Cell. 2007 Jul 27;130(2):309-21. doi: 10.1016/j.cell.2007.05.020.
F(1)-ATPase is a rotary molecular motor that proceeds in 120 degrees steps, each driven by ATP hydrolysis. How the chemical reactions that occur in three catalytic sites are coupled to mechanical rotation is the central question. Here, we show by high-speed imaging of rotation in single molecules of F(1) that phosphate release drives the last 40 degrees of the 120 degrees step, and that the 40 degrees rotation accompanies reduction of the affinity for phosphate. We also show, by single-molecule imaging of a fluorescent ATP analog Cy3-ATP while F(1) is forced to rotate slowly, that release of Cy3-ADP occurs at approximately 240 degrees after it is bound as Cy3-ATP at 0 degrees . This and other results suggest that the affinity for ADP also decreases with rotation, and thus ADP release contributes part of energy for rotation. Together with previous results, the coupling scheme is now basically complete.

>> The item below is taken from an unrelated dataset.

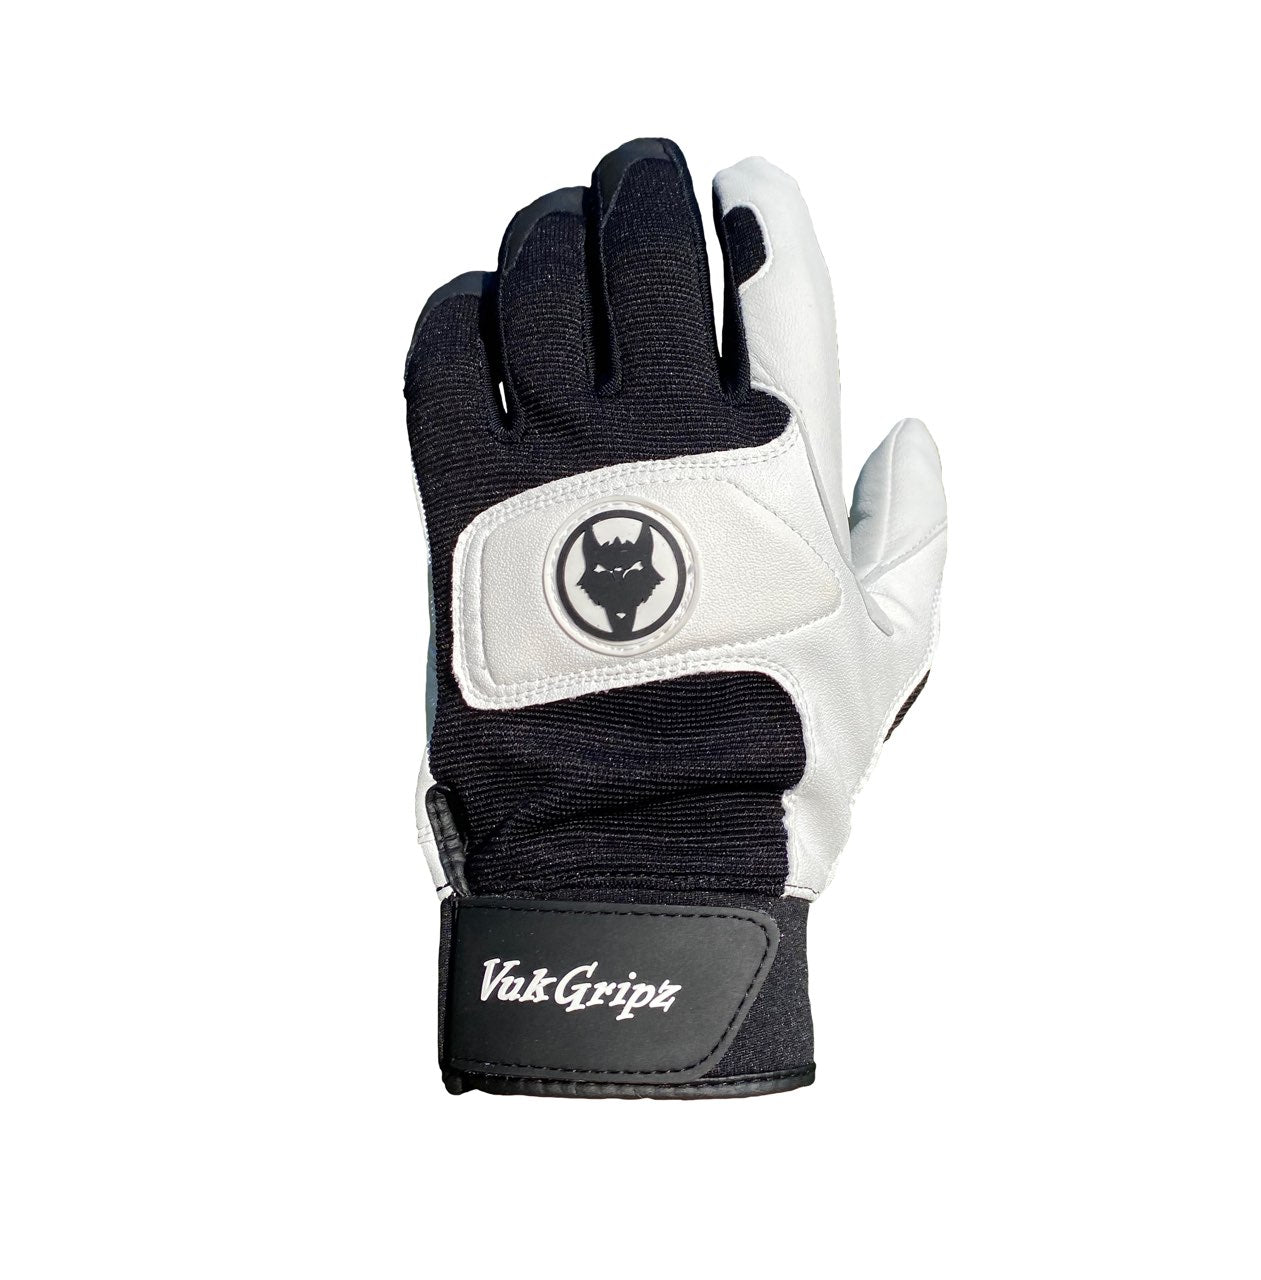 Front View Black & White Canine VukGripz Batting Gloves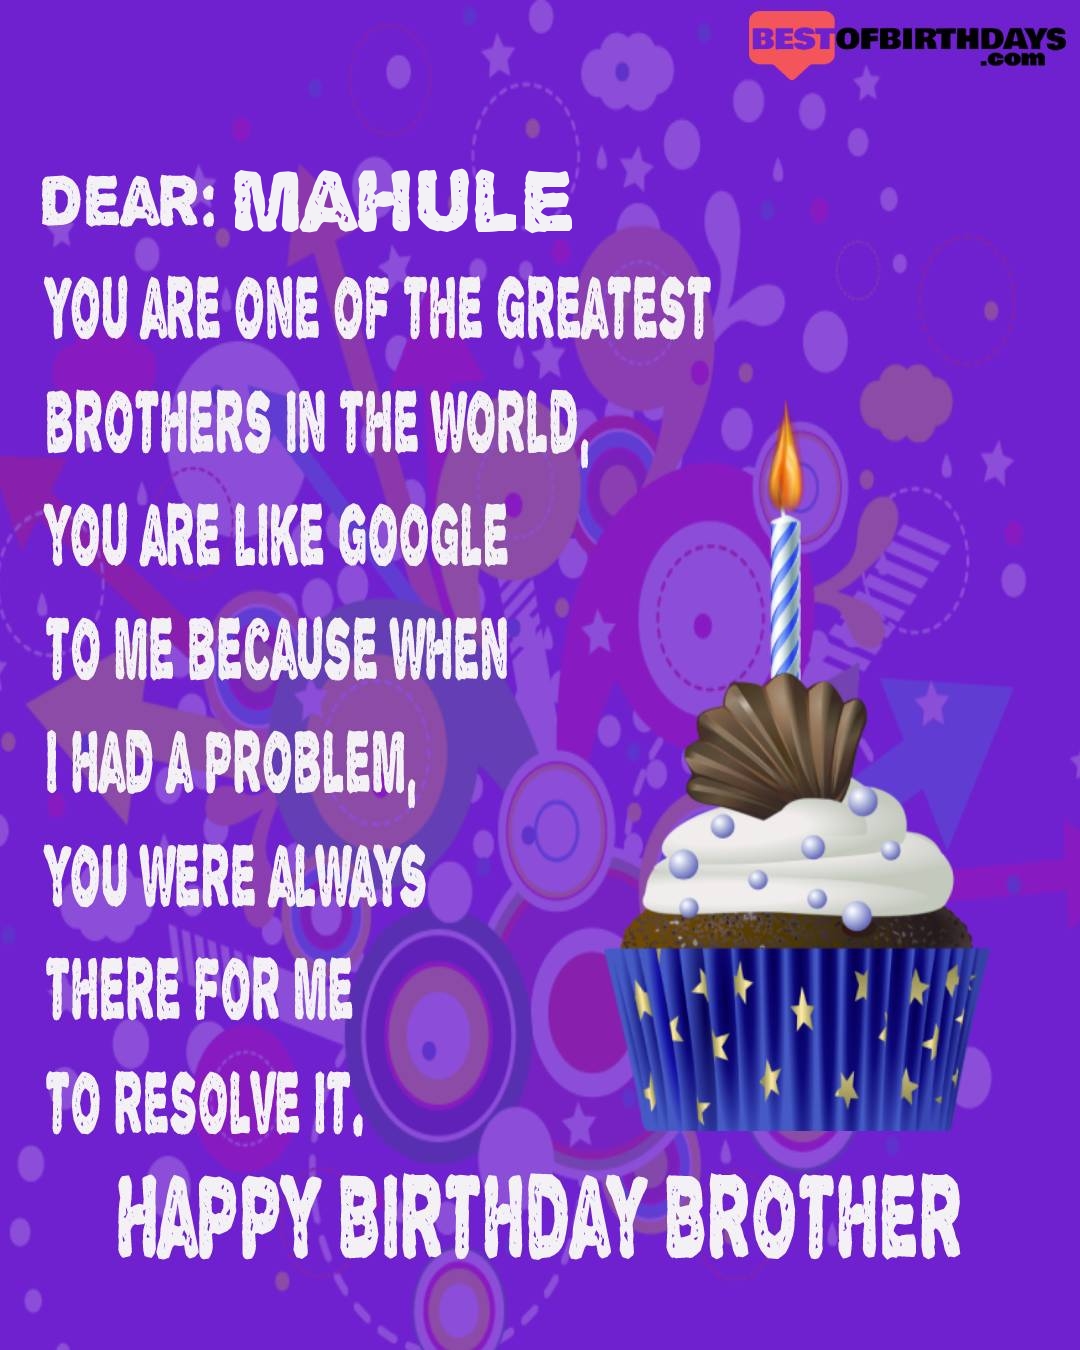 Happy birthday mahule bhai brother bro

F(1)-ATP酶是一种旋转分子马达,以120度步幅前进,每一步都由ATP水解驱动。三个催化位点发生的化学反应如何与机械旋转相耦合是核心问题。在此,我们通过对F(1)单分子旋转的高速成像表明,磷酸释放驱动了120度步幅中的最后40度,并且这40度旋转伴随着对磷酸亲和力的降低。我们还通过在F(1)被迫缓慢旋转时对荧光ATP类似物Cy3-ATP进行单分子成像表明,Cy3-ADP在0度以Cy3-ATP形式结合后约240度时释放。这一结果以及其他结果表明,对ADP的亲和力也随着旋转而降低,因此ADP释放为旋转贡献了部分能量。与之前的结果一起,耦合机制现在基本完整。